Speech and Silence in Contemporary Children’s Literature

By Danielle E. Price Copyright 2023

    Speech and Silence in Contemporary Children’s Literature brings a fresh perspective to a central literary question— Who speaks?— by examining a variety of represented silences. These include children who do not speak, do not yet speak effectively, or speak on behalf of others. A rich and unexamined literary archive explores the problematics of children who are literally silent or metaphorically so because they cannot communicate effectively with adults or peers. This project centers children’s literature in the question of voice by considering disability, gender, race, and ecocriticism.
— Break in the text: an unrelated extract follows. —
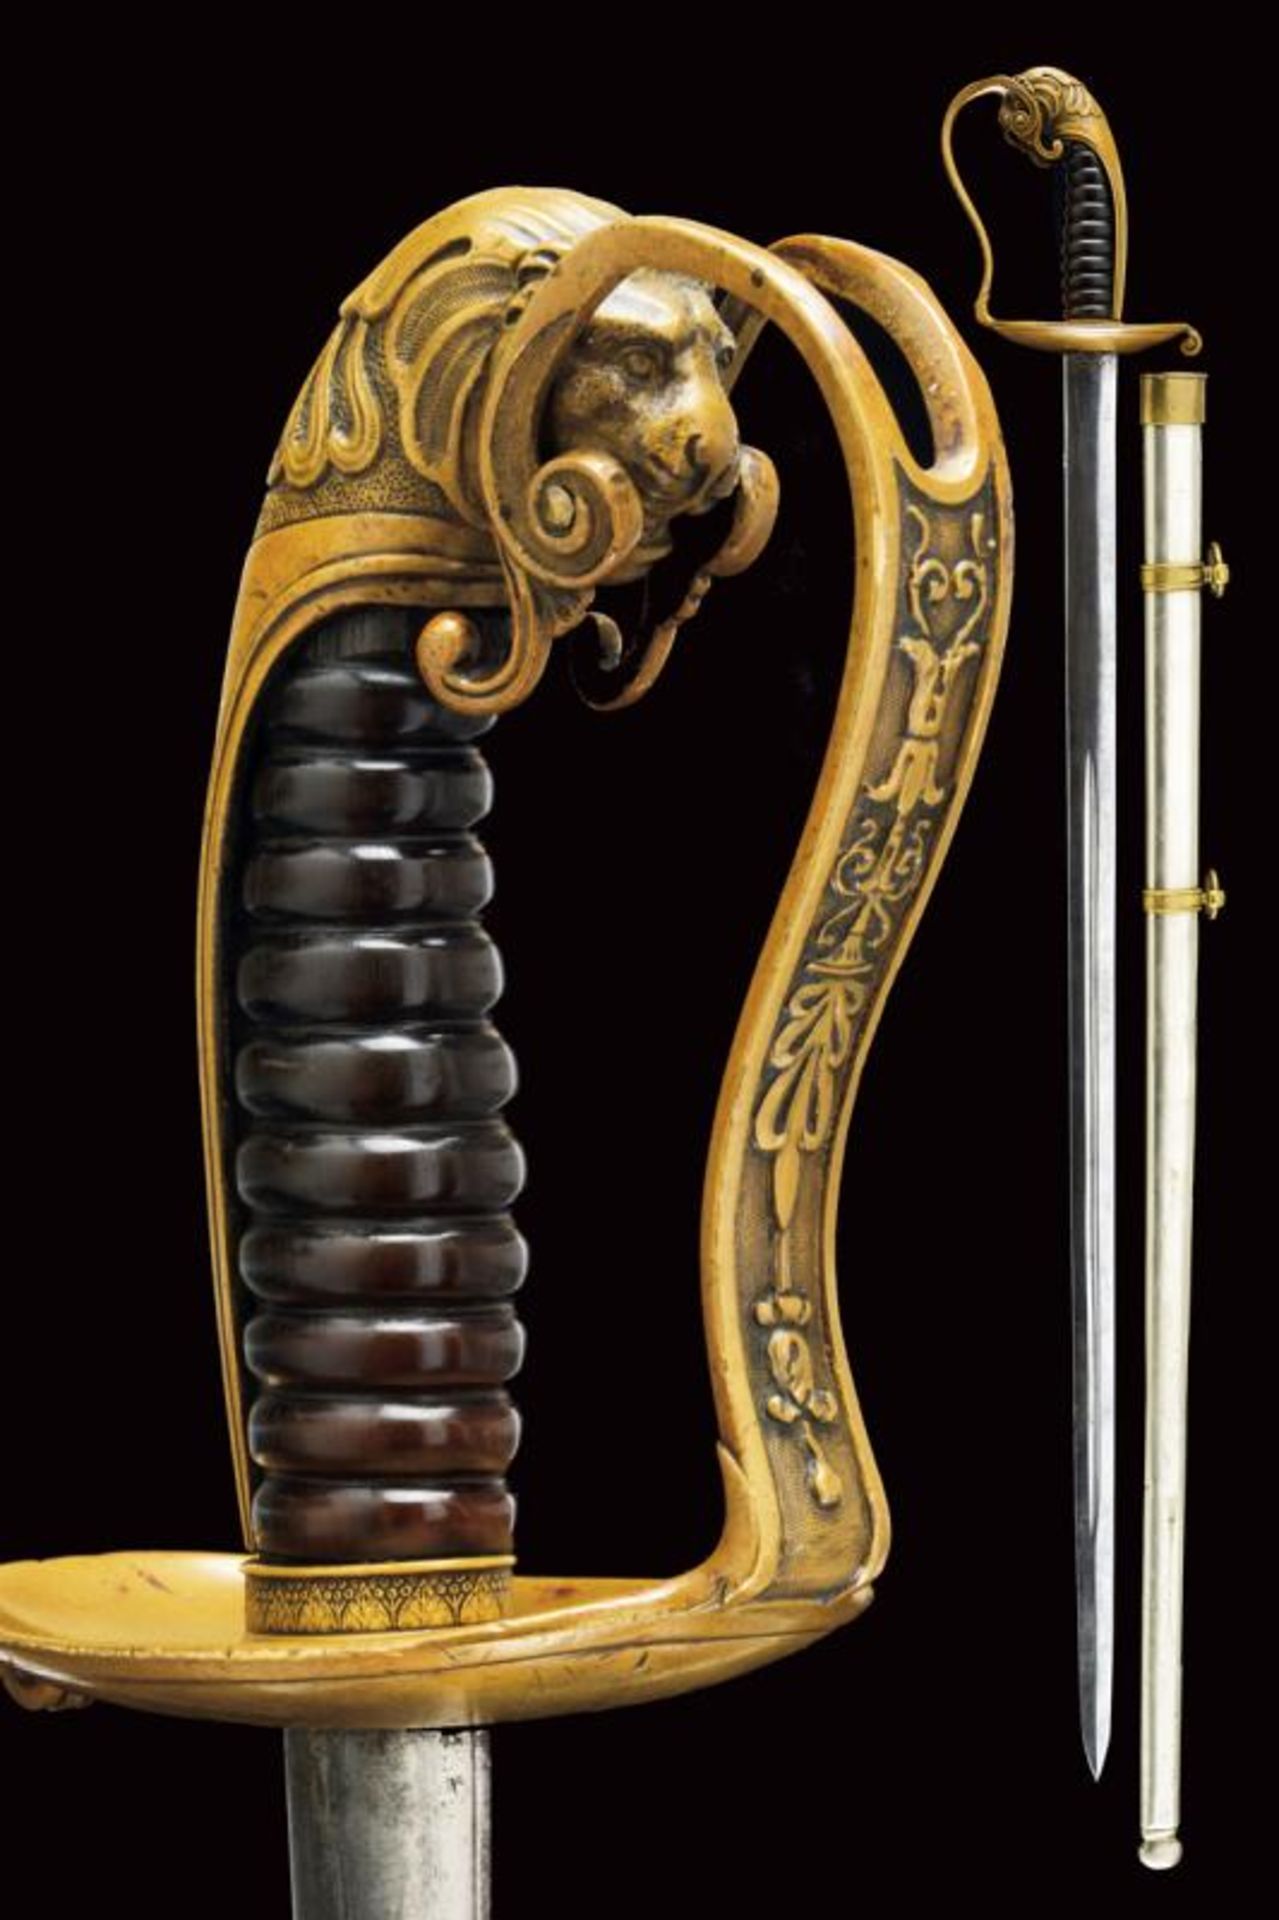 A Guardia Civica officer's sabre, model 1847

Children’s literature rests on a paradox at the root of its own genre: it is produced by an adult author writing to a constructed idea of what children should be. By reading a range of contemporary children’s literature, this book scrutinizes how such texts narrate the child’s journey from communicative alterity to a place of empowered adult speech. Sometimes the child’s verbal enclosure enables privacy and resistance. At other times, silence is coerced or imposed or arises from bodily impairment. Children may act as intermediaries, speaking on behalf of species that cannot. Recently, we have seen children exercise their voices on the world stage and as authors. In all cases, the texts analyzed here reveal speech as a minefield to be traversed. Children who talk too much, too little, or with insufficient expertise pose problems to themselves and others. Implicitly and sometimes explicitly, they attempt to hold adults to account— inside and outside the text. Speech and Silence in Contemporary Children’s Literature addresses this underconceptualized subject in what will be an important text for scholars of children’s literature, childhood studies, English, disability studies, gender studies, race studies, ecopedagogy, and education.


    1 Introduction: Tracing the Silent and Speaking Child

    2 Disability and the Silent Child: Literary Selective Mutism

    3 Race and Speech: Learning to Signify

    4 Ecology and Speech: Talking to the Animals

    5 Conclusion: Youth Activism, Rhetoric, and Intersectionality



    Danielle E. Price (Ph.D. UCLA) writes on children’s literature, nineteenth-century studies, and disability. Recent publications include articles on disability in contemporary children’s fiction (2022) and in George MacDonald’s The Light Princess (2019) as well as on heterotopia in Christopher Paul Curtis’ Elijah of Buxton (2016). She is Associate Professor of English at the University of Windsor.